Green Sichuan Pepper Fish, Hotpot Style
This dish, 藤椒鱼, called tengjiaoyu in Chinese, is fish filets in a sea of green vegetables, green chilies, green Sichuan pepper and green Sichuan pepper oil. If you’ve met and liked red Sichuan pepper, then you have to meet its green cousin, which is a different species and has an altogether different aroma and flavor. It’s more floral and fresh tasting, more spring and summer, vs. red Sichuan pepper’s earthy and warming, fall and winter taste.
Tengjiao, sometimes called vine pepper or rattan pepper in English, actually refers to a slightly different green-colored Sichuan pepper than qinghuajiao and is usually eaten fresh.

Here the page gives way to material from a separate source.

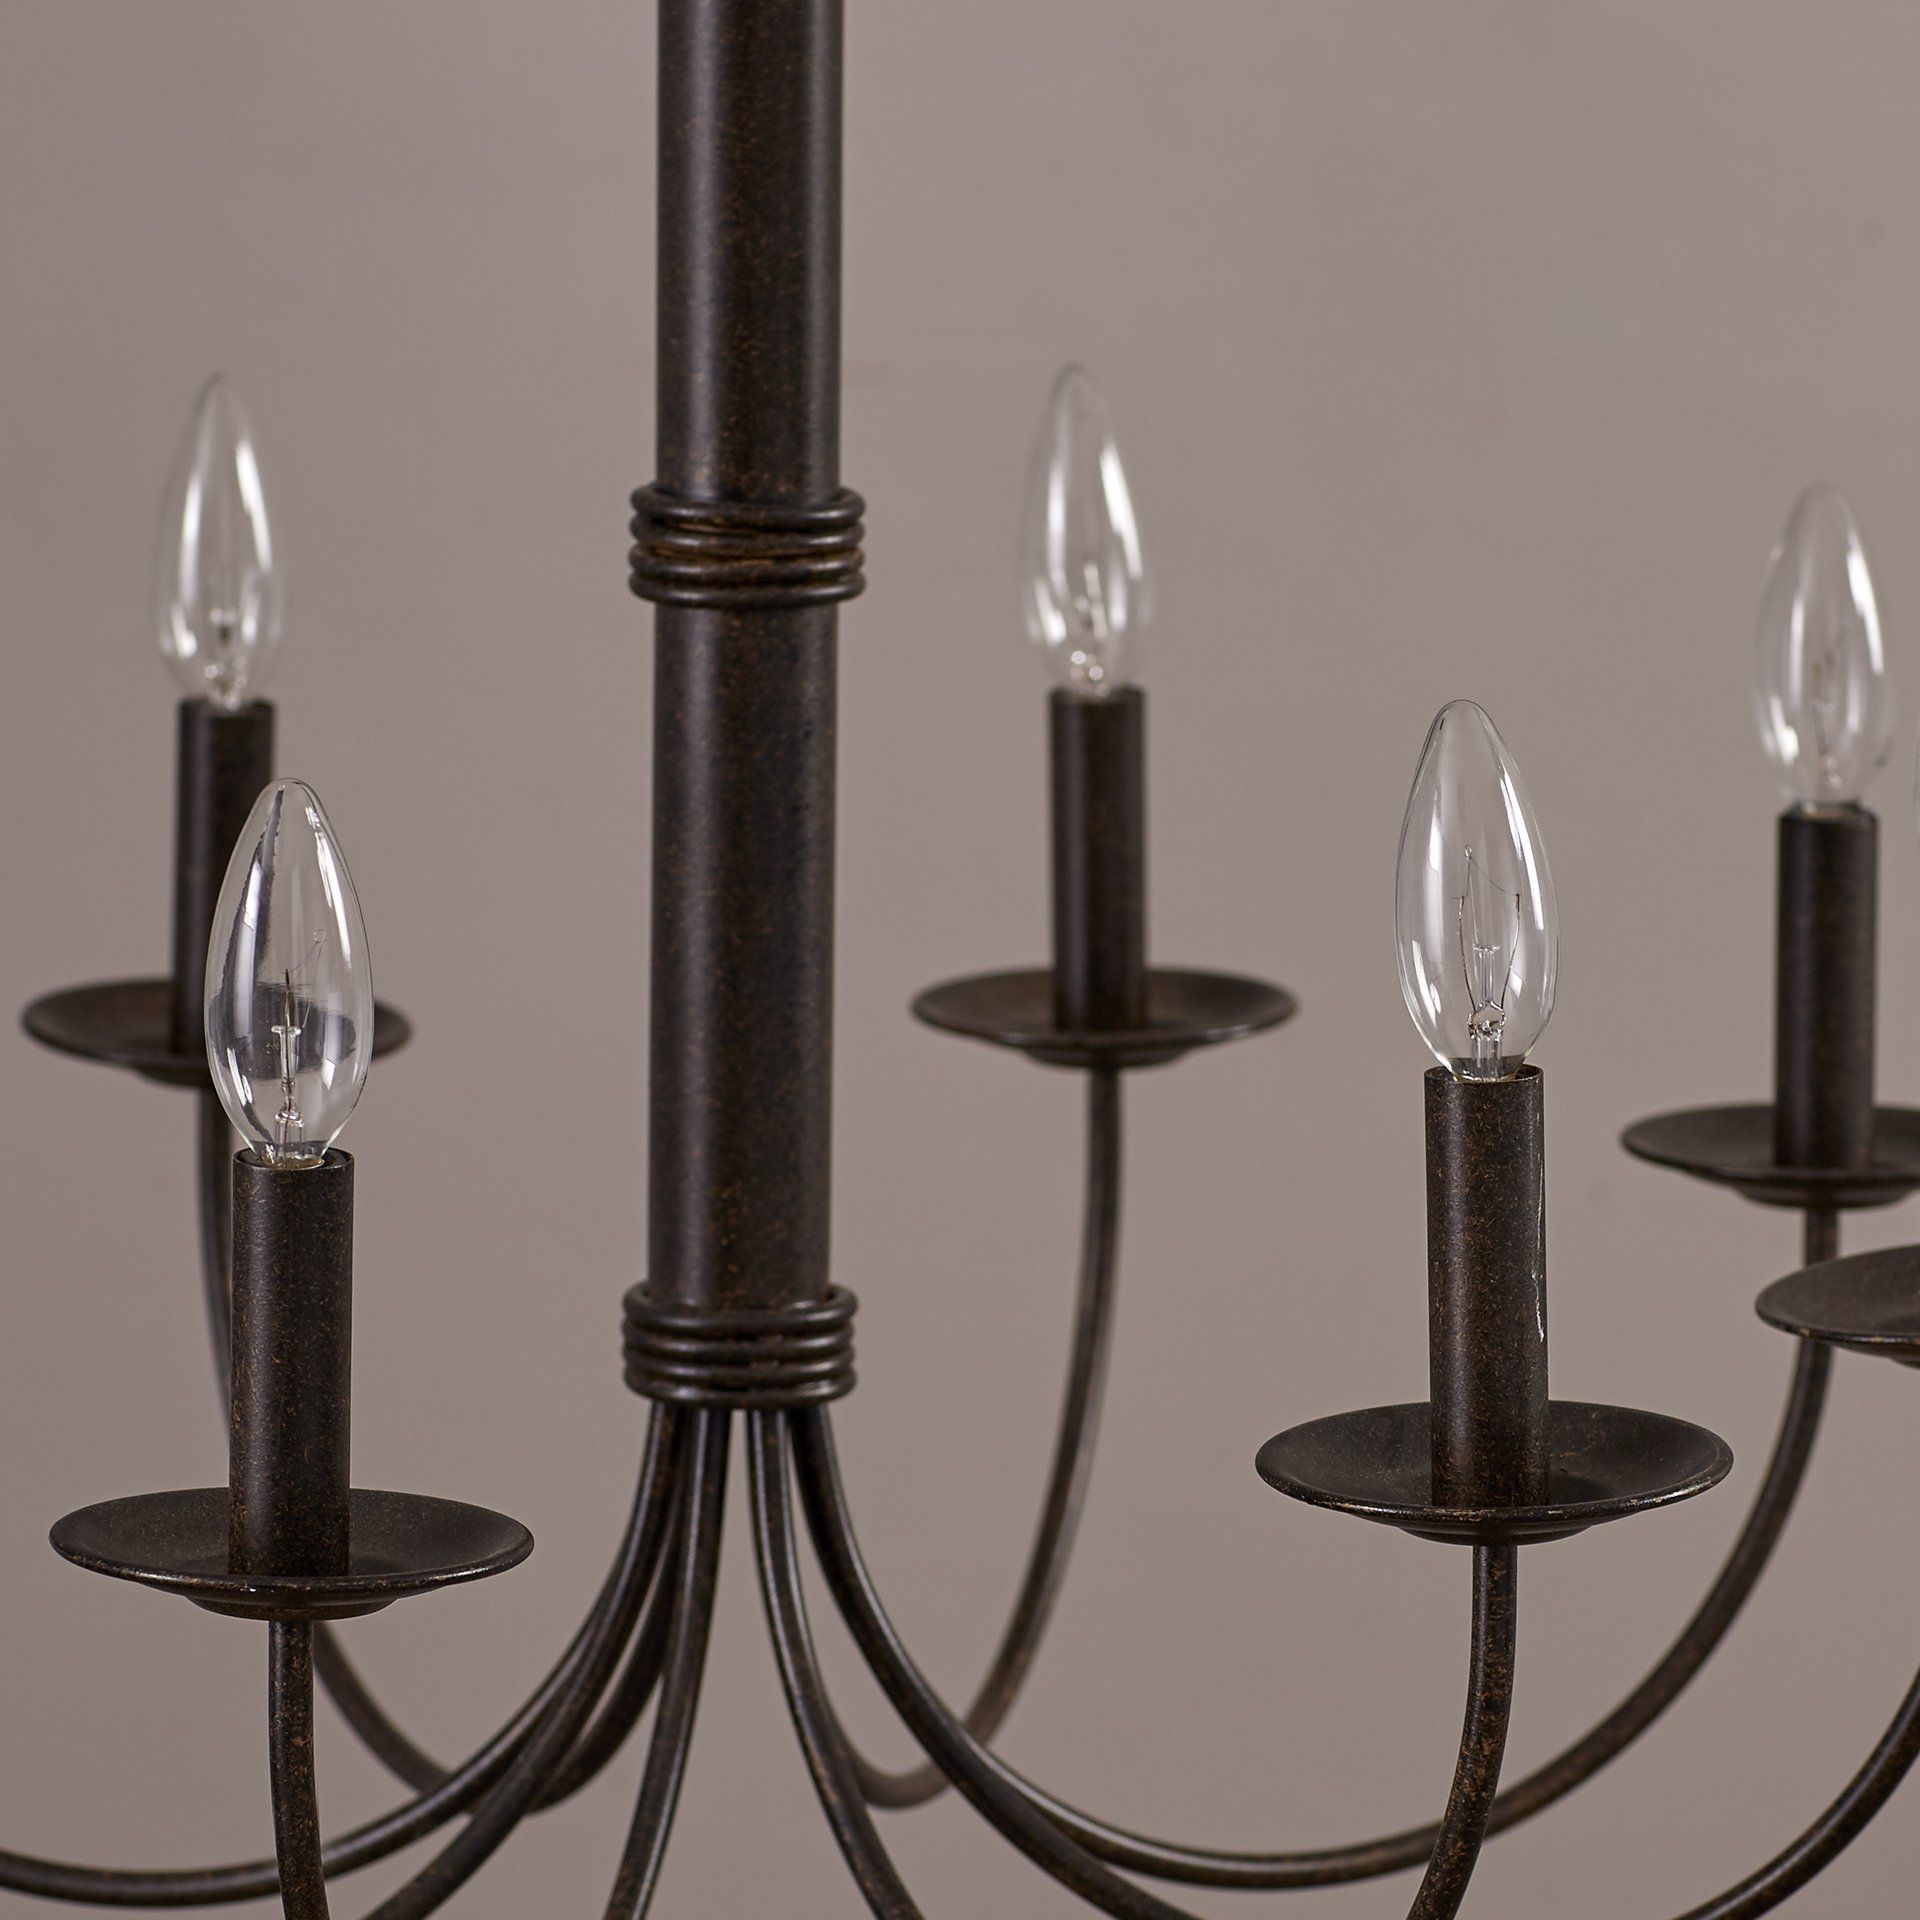 Lark Manor 8 Light Candle Style Chandelier Reviews Wayfair With Candle Light Chandelier (View 5 of 12)

In Chengdu itself, you’d find a branch—or five—of fresh green tengjiao on top of this dish (and many others). It would be just-picked if it was the summer harvest season. You rarely if ever see fresh tengjiao in the U.S., however, because the only good preservation technique is freezing and, even then, it’s really not the same as fresh tengjiao.
Fortunately for us, the other way that tengjiao can be preserved is in oil. Our Yaomazi tengjiao oil is made from just-picked tengjiao, the essence and numbing potency nicely preserved in the cold-pressed rapeseed oil. So we use both dried green Sichuan pepper and tengjiao oil to top this dish and make it taste of Sichuan.
Some of you may remember that I originally published this recipe in 2017, trying to replicate Chengdu Taste's beloved Boiled Fish in Green Pepper Sauce. But I since realized that I took too many shortcuts with that dish—which, when it comes down to it, is basically shuizhuyu with green chilies and tengjiao oil vs doubanjiang and red huajiao. The recipe now more closely follows the method for making shuizhuyu and is all the better for it.
Plus, I've added alternative instructions for serving it hotpot style, over a flame (or induction) burner so the stock stays hot over a leisurely dinner spent fishing out the delectable morsels of fish and veg.